# Starting my fall garden



## TXSTDU (Feb 2, 2009)

I have a raised bed that I am getting ready to start for a fall garden.

My concern is this heat. Should I wait until it breaks, if it ever will, for just make sure to water well?


----------



## w_r_ranch (Jan 14, 2005)

Normally fall gardens are planted the last week of September through the first week of October, at least here in Colorado County. If I was planting fall potatoes, I'd plant those a little earlier... like September 21st.


----------



## TXSTDU (Feb 2, 2009)

Hmm that is interesting. All of my planting guides show me needing to plant this month into mid Sept at the latest


----------



## salth2o (Sep 21, 2004)

I am waiting until this heat eases up and maybe until we get some rain....


----------



## Meadowlark (Jul 19, 2008)

Depends in part on your location...the further north, the sooner you need to get things going. Also, depends on what type of veggie you are planting...if you are planting a cool weather veggie, then its going to suffer mightily in this heat if you start them now in the ground.


----------



## bluefin (Aug 16, 2005)

What's considered a 'cool weather veggie'?


----------



## salth2o (Sep 21, 2004)

bluefin said:


> What's considered a 'cool weather veggie'?


broccoli, lettuce, cabbage, taters, maters, bush beans


----------



## Meadowlark (Jul 19, 2008)

bluefin said:


> What's considered a 'cool weather veggie'?


My list...cabbage, onions, broc, brussels sprouts, radishes, carrots, turnips, lettuce....this is essentially my fall garden which for the most part carries over through winter and into early spring. Of the above, radishes are probably the least cold tolerant and usually won't survive a frost/freeze but all the others will survive even a hard freeze if the time below 32 deg isn't too long. Collards and spinach do very well also, but just aren't among my favorites on the table.

I like potatoes as a late winter planting...and definitely not tomatoes or bush beans in my area, until well into spring.


----------



## cva34 (Dec 22, 2008)

*Yep*



w_r_ranch said:


> Normally fall gardens are planted the last week of September through the first week of October, at least here in Colorado County. If I was planting fall potatoes, I'd plant those a little earlier... like September 21st.


X-2 on that Matagorda county too.,,cva34


----------



## fletchoman (Nov 30, 2008)

I bought tomatoes this week...even though it is hot as blazes, I transplanted 4" pots into 6" clay pots getting ready for October...plan is to limp along until the weather cools so the plants are large enough to produce before the first freeze.

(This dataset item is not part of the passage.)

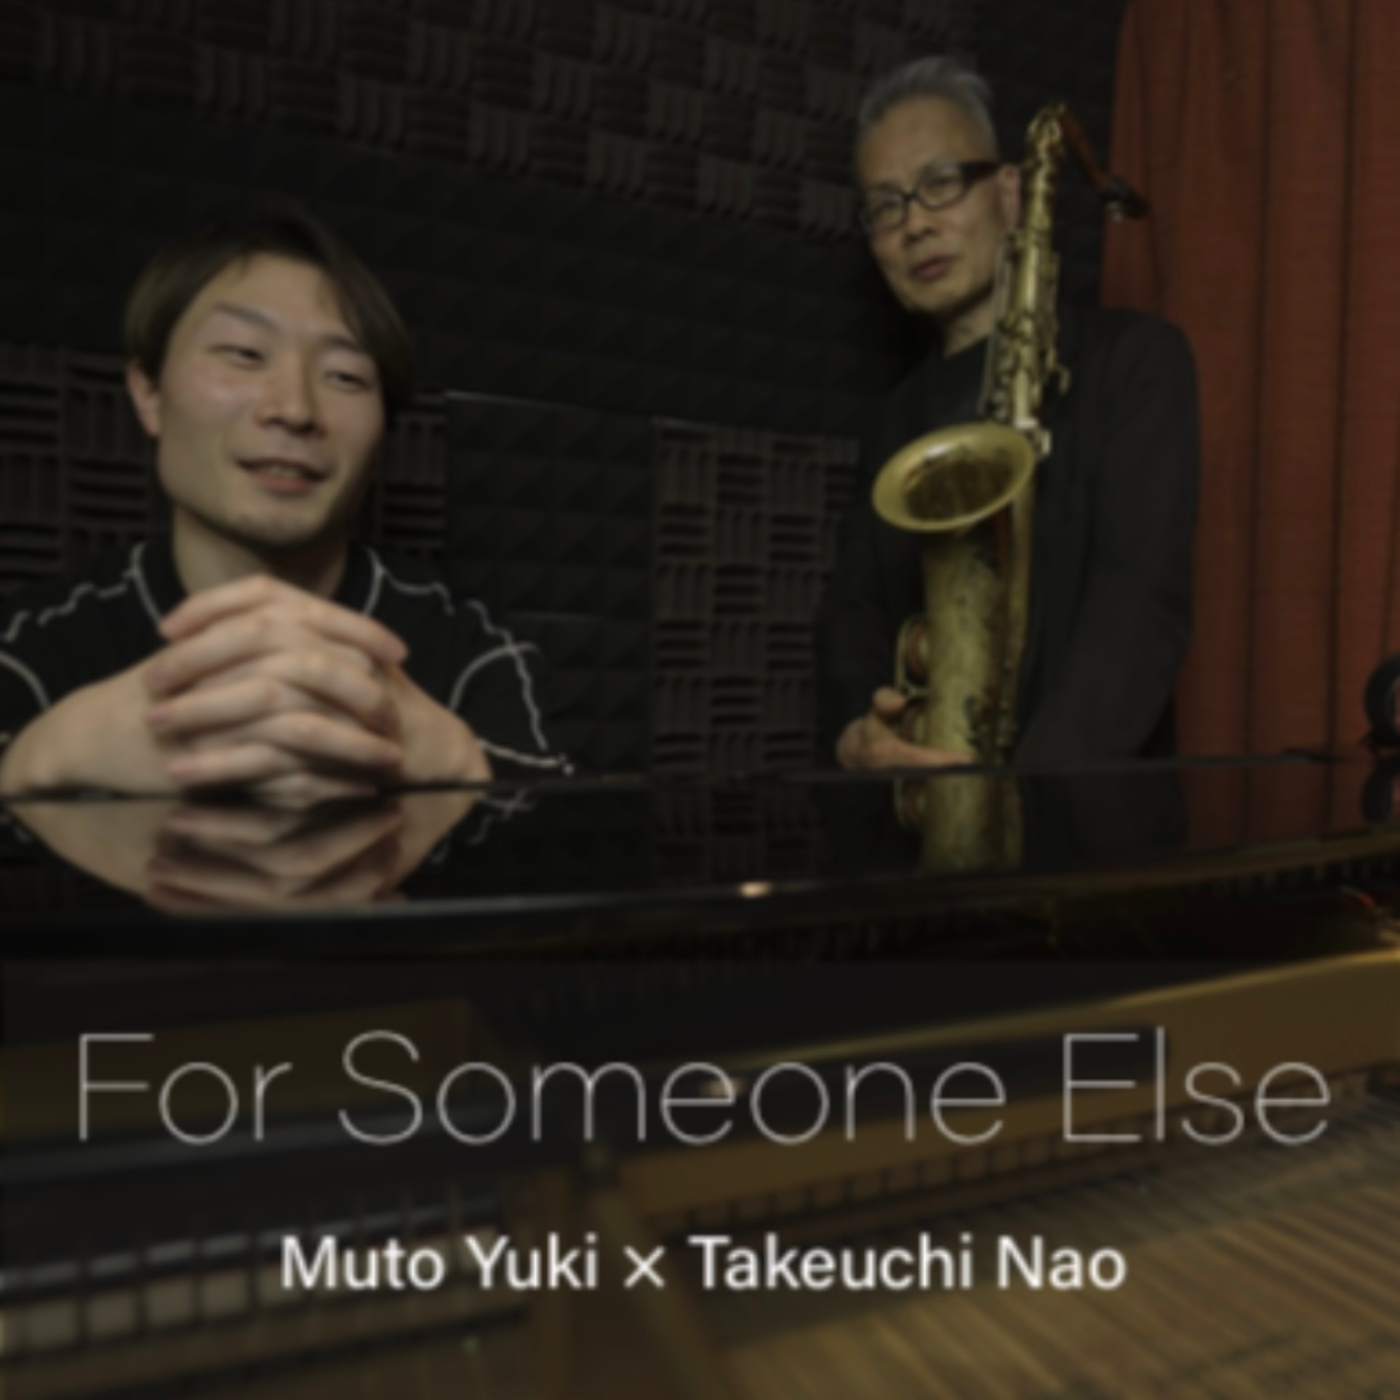 Muto Yuki x Takeuchi Nao　 "For Someone Else"

May not work...not sure the plants will hold up to 100+ temps here in Houston.


----------



## salth2o (Sep 21, 2004)

I yanked all the dead stuff out of my garden this afternoon. I will till it tomorrow and start prepping the soil. 

Fletch...you inspire me. I may pick up some maters this weekend and just keep them inside until this incessant heat subsides.


----------



## Meadowlark (Jul 19, 2008)

I hope you guys will post up results on the fall tomatoes...I've tried and tried just have not had much success...lots of green tomatoes for frying but never enough time for good red ripe ones for me in Polk county. If they work, tell us your method please.


----------



## Gator gar (Sep 21, 2007)

Well, my tomato experiment failed. Mine were beautiful, til I left the seedlings on my pool ladder. Then they got heat stroke. I saved 8-10 of them and transplanted them. I had 5 that looked like they were going to make it and eventually they all died off. Beautiful one day and dead the next. Too hot for sure.


----------



## fletchoman (Nov 30, 2008)

I did OK with my fall tomatoes last year...here's how...

I planted one Juliet variety which ripens in 50 days. These are like roma's...incredibly prolific...the one plant produced ~20 lbs of tomatoes. These have become my favorite roma-style tomato by far. I expect that early girl would produce as well but they don't always have the best flavor.

I also planted various other variates...I covered the plants every night when frost was possible. When it became clear that we were going to have a hard freeze, I picked all of the large sized "white" toned tomatoes. I ended up with ~20 lbs that ripened on the counter in the house over the next month or so. I made salsa and we enjoyed fresh ripe tomatoes for months as they slowly ripened...


----------



## cva34 (Dec 22, 2008)

*Winter Maters*

I'm with fletch, Mine did good esp the cherry type.I had tom. on vine tell the Mid Jan freeze and blow.Blew off my sheets.and they froze.They took the 28deg freeze's fine under sheets earlier in winter.I'm gona try again with more bricks...cva34

The fruit seems to grow at normal rate But they are a lot slower to turn red.


----------



## TomCat (Jan 6, 2006)

Maybe this will help,

http://www.farmersalmanac.com/calendar/gardening/


----------



## drred4 (Aug 12, 2005)

I am not going to plant until it rains someday. Heck we can't even till the garden proper unless we watered it for several days.


----------



## charlie23 (Jan 11, 2005)

grow them in containers


----------